Своего государственного патриотизма декабристы не утратили даже в тюрьмах и ссылке, большинство из них могло бы повторить слова Лунина: «Заключенный в казематах, десять лет не переставал я размышлять о выгодах родины»
[66]. Они, по меткому выражению П.А. Вяземского, как бы «увековечились и окостенели в 14 декабря»
[67] и продолжали воспринимать события политической жизни не с точки зрения репрессированных диссидентов, а все с той же точки зрения хозяев государства Российского, пусть покамест и отстраненных от его управления (или же с точки зрения правящей партии, временно перешедшей в оппозицию). Тот же Лунин
[68] в 1840 г., резко критикуя правление Николая I, делает тем не менее одобрительную оговорку по поводу его внешней политики 1820–1830-х гг., которую явно предпочитает курсу его старшего брата: «Внешняя политика образует единственную светлую точку, на которой отдыхает разум, уставший находить во мраке одни лишь злоупотребления и ошибки. Император Николай, в отличие от своего предшественника, избегая вмешиваться в дела, непосредственно не касающиеся России, почти всегда диктует свою волю в случаях, прямо до нее относящихся»
[69]. В частности, Михаил Сергеевич приветствует действия России на Кавказе. В письме к сестре (1838) он осуждает ее нежелание согласиться с мыслью о службе там ее старшего сына: «Южная граница наша составляет самый занимательный вопрос настоящей политики. <…> Это была мысль Адашева и Сильвестра. <…> Каждый шаг на север принуждал нас входить в сношения с державами европейскими. Каждый шаг на юг вынуждает входить в сношения с нами.
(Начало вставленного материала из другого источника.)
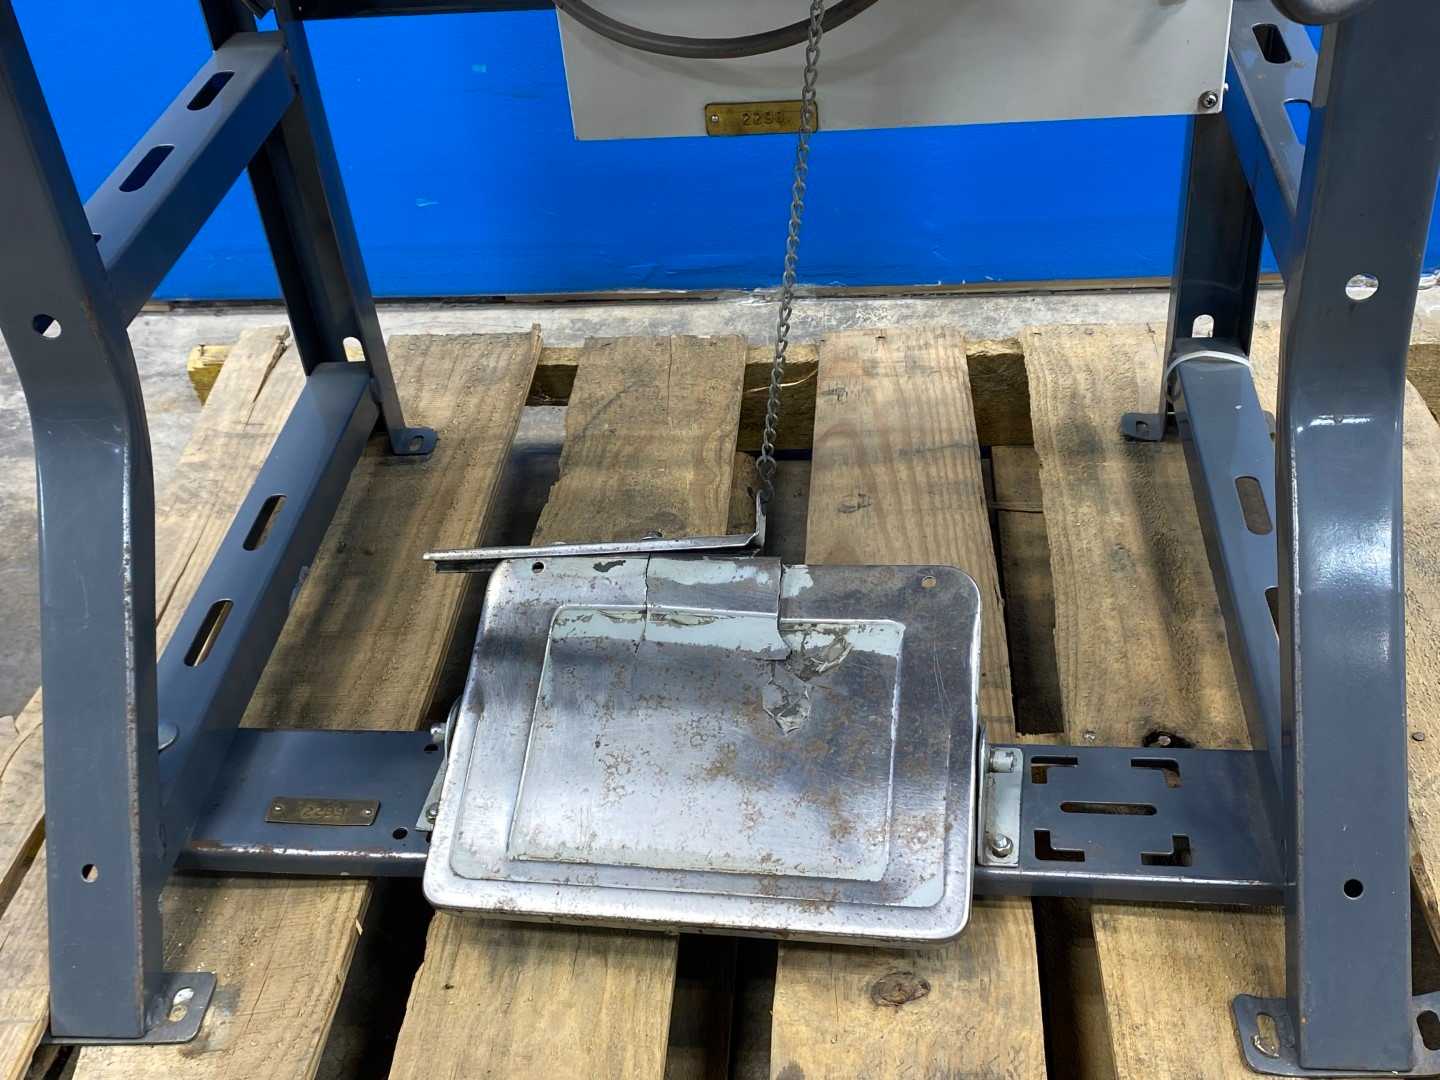 Juki LK-1900HS  heavy weight bartack industrial machine (FOR PARTS)

В смысле политическом взятие Ахалциха важнее взятия Парижа. <…> служба на Кавказе представляет твоему сыну случай изучать военное искусство во многих его отраслях и принять действительное участие в вопросе важного достоинства для будущей судьбы его отечества»
[70].
События на Кавказе привлекали к себя жадное внимание писателя-романтика А.А. Бестужева (Марлинского), писавшего из Якутска брату Павлу – участнику боевых действий с турками (1828) – прямо-таки с кровожадным упоением: «Итак, с долин Армении, на которых опиралась радуга завета, – вы понесли заветные знамена победы в пределы Турции, и уже вихорь-богатырь ваш сорвал месяц с Карсу и Ахалциха! <…> Ты, как мне пишут, резался на улицах Карса. Меня зависть берет, когда я, глотая чад вместо порохового дыма, воображаю ваши подвиги. Хоть бы из-за угла поглядеть! <…> Не могши участвовать ни делом, ни словом в битвах с неверными, сделай одолжение, сверни хоть из этого листка пару боевых патронов и пусти их за меня к неприятелю. Бьюсь об заклад, что они вцепятся в самую правоверную бороду удалых байрахтаров <…>»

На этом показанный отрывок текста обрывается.